I've noticed since updating to 2.4.3 that a speedtest gives me exactly 50Mb/sThis is interesting, because this is exactly the BW I have set on my LAN queue for web traffic.
Previously a speedtest would burst high up towards the 100Mb/s my connection is.
Downloading torrents etc still seems to be fine, that is multiple sessions seem to be unaffected. Also fast.com checks report up around 70-80MB/s. But Speedtest is always ~exactly the 50Mb/s I've set for web traffic.
But certainly 2.4.3 seems to have changed something with regards to traffic shaping etc.
Apologies for taking the fq_codel thread slightly offtopic!
-
@muppet:
I'm not using fq_codel, but I am using fairq+codel.

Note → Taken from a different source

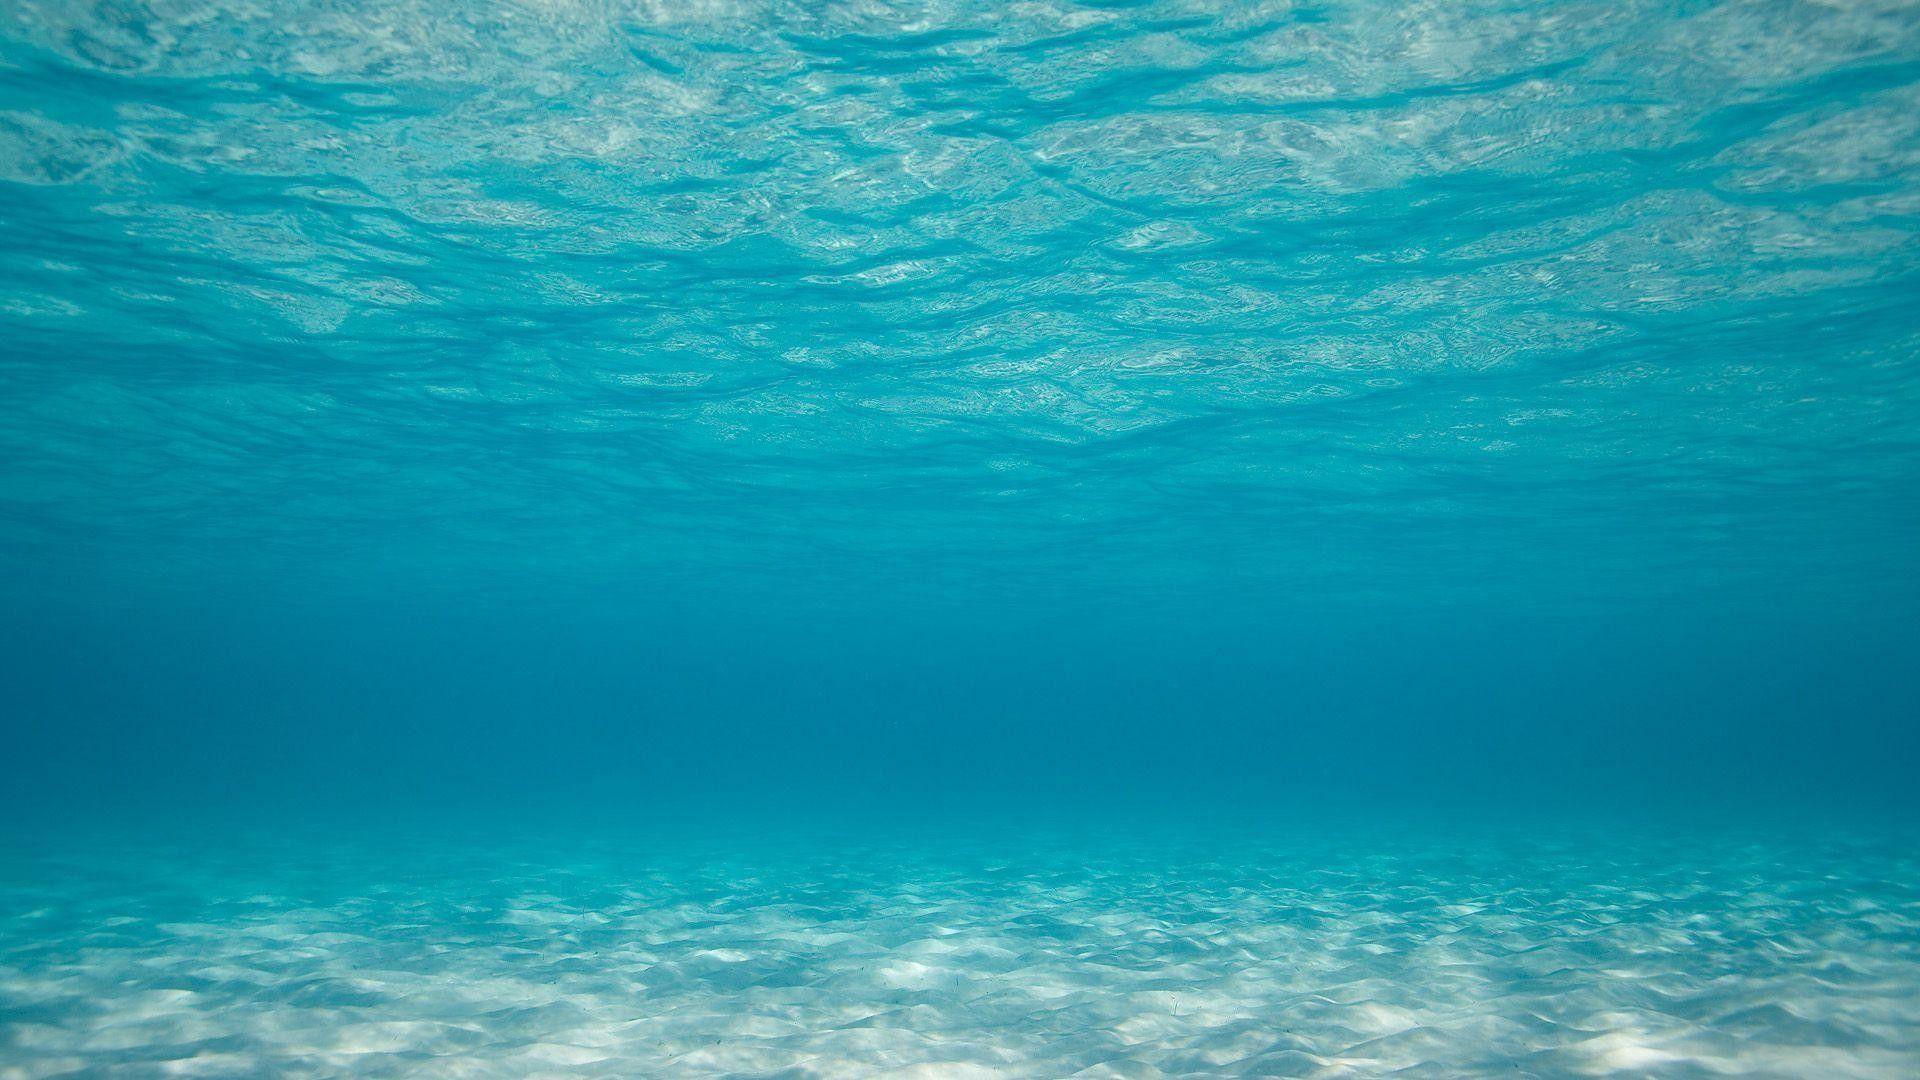 Không gian dưới nước luôn được xem là một thế giới kỳ lạ và đầy sức hút với sự đa dạng của loài vật sinh sống. Hình nền Tumblr về dưới nước sẽ mang đến cho bạn sự trầm lắng và cảm giác thoải mái cho ngày mới.

I've noticed since updating to 2.4.3 that a speedtest gives me exactly 50Mb/sThis is interesting, because this is exactly the BW I have set on my LAN queue for web traffic.
Previously a speedtest would burst high up towards the 100Mb/s my connection is.
Downloading torrents etc still seems to be fine, that is multiple sessions seem to be unaffected. Also fast.com checks report up around 70-80MB/s. But Speedtest is always ~exactly the 50Mb/s I've set for web traffic.
But certainly 2.4.3 seems to have changed something with regards to traffic shaping etc.
Apologies for taking the fq_codel thread slightly offtopic!
Yeah, AFAIK, limiters (dummynet) & fairq+codel (ALTQ) are very much separated in software. Though, your bug is still interesting. Maybe.
-
dennypage
The best way to check is it related to pfSense is to downgrade and re-test it again. You can also try to lower your bandwidth limits or play with KPTI option.
As for me, nothing changed in bufferbloat, but I have over provisioned hardware.